• Défi 195

     

     

    Matelôt Josette à la vigie pour le  Défi 195 à l’horizon

    Elle nous présente Edmond ! A partir de ce tableau (vu dans une brocante) racontez une histoire courte avec les mots incorporés : « Ciel, chaussure, coq, couronne et crapaud. »

    Elle nous attend pour le lundi 20 novembre

     

     

     

    Il me regarde, me demandant de l'aider un peu, rien qu'un peu.

    « Ils ne me comprennent pas » yeux perçants, d'un bleu polaire, moue renfermée.

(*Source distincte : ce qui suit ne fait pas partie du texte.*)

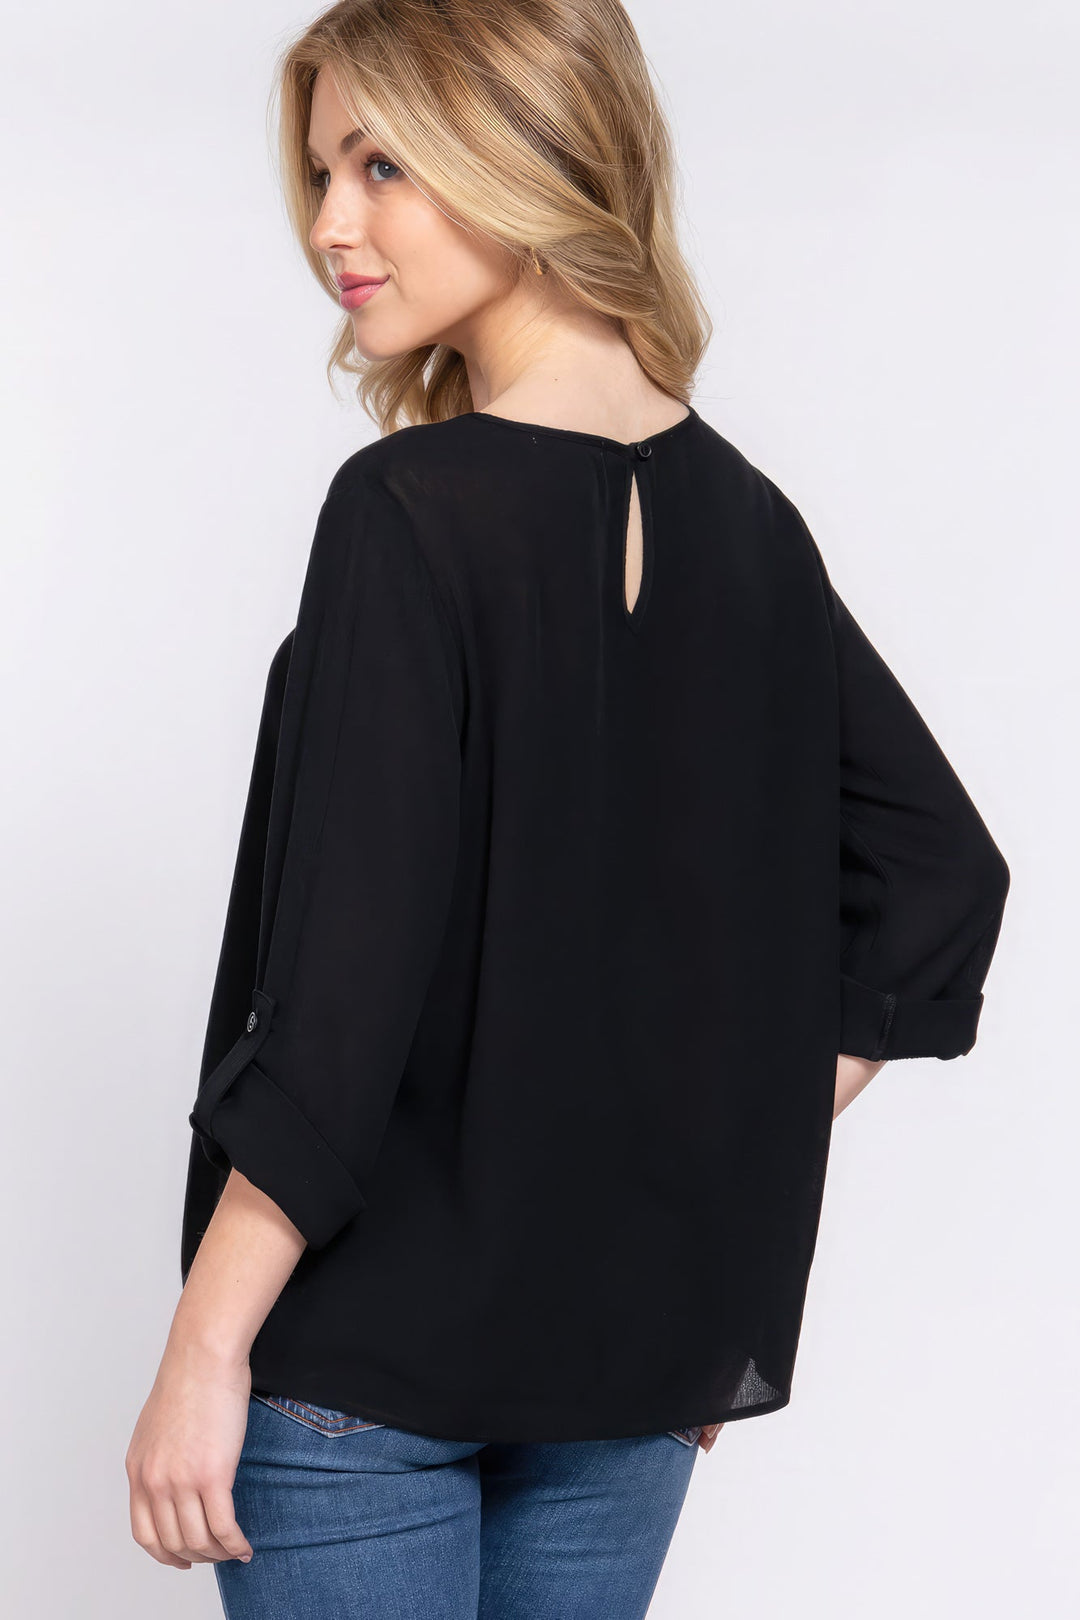 The802Gypsy  shirts and tops Black / S ❤GYPSY LOVE-Roll Up Slv Pleated Blouse

    Ses parents, braves gens, l'implorent de leur parler, de leur confier, ce qui lui fait si mal.

    Edmond revient de l'école mutuelle, il termine en étant le premier . Il voudrait tant aller au lycée Saint-Vincent, y apprendre encore, lire François-René de Chateaubriand, réciter André Chénier, apprendre, passer ses soirs sur les devoirs.

    « Ils ne comprendront pas » « sauvez-moi » «je ferai tout ce que vous voudrez ! J'irai chercher le bois, je recopierai vos écrits avec ma belle écriture ».

    Les parents, sont inquiets, leur enfant, à qui ils proposent de faire un apprentissage chez un menuisier ébéniste, plus qu'un simple apprentissage, un tour de France complet, leur fils, leur Edmond, leur seul garçon. Emilie est à Lyon, dans une famille bourgeoise, chambrière de Madame.

    Edmond se renferme, il oublie, tout, la maison chaude qu'il aimait tant, les chants de sa mère, les objets en bois sculptés par son père ; le chien Barbiche, les vaches, les champs de blés, les courses à travers bois et vallons. Edmond me supplie encore davantage.

    Et moi, Amantine Dupin, qui lui ai ouvert la porte aux secrets des mots, à leur ineffable saveur, à leur goût de liberté, vais-je le laisser devenir ébéniste ? Lui dont les mains fines ne sont guère destinés à créer la beauté dans le bois.

    Edmond se fait encore plus silencieux, son regard plus acéré et ses parents se recroquevillent. Ils pourraient ordonner, tempéter. Ils pourraient frapper bien à l'abri chez eux. Non, ils sont simplement malheureux et tristes. Pour eux, le sacrifice était déjà grand de le laisser aller sur les routes des compagnons.

    Je sais que je vais changer une vie, il ne sera pas de ce monde bourgeois, il ne sera plus du monde paysan. Il chantera les alexandrins, il apprendra le latin et conjuguera nominatif, datif etc.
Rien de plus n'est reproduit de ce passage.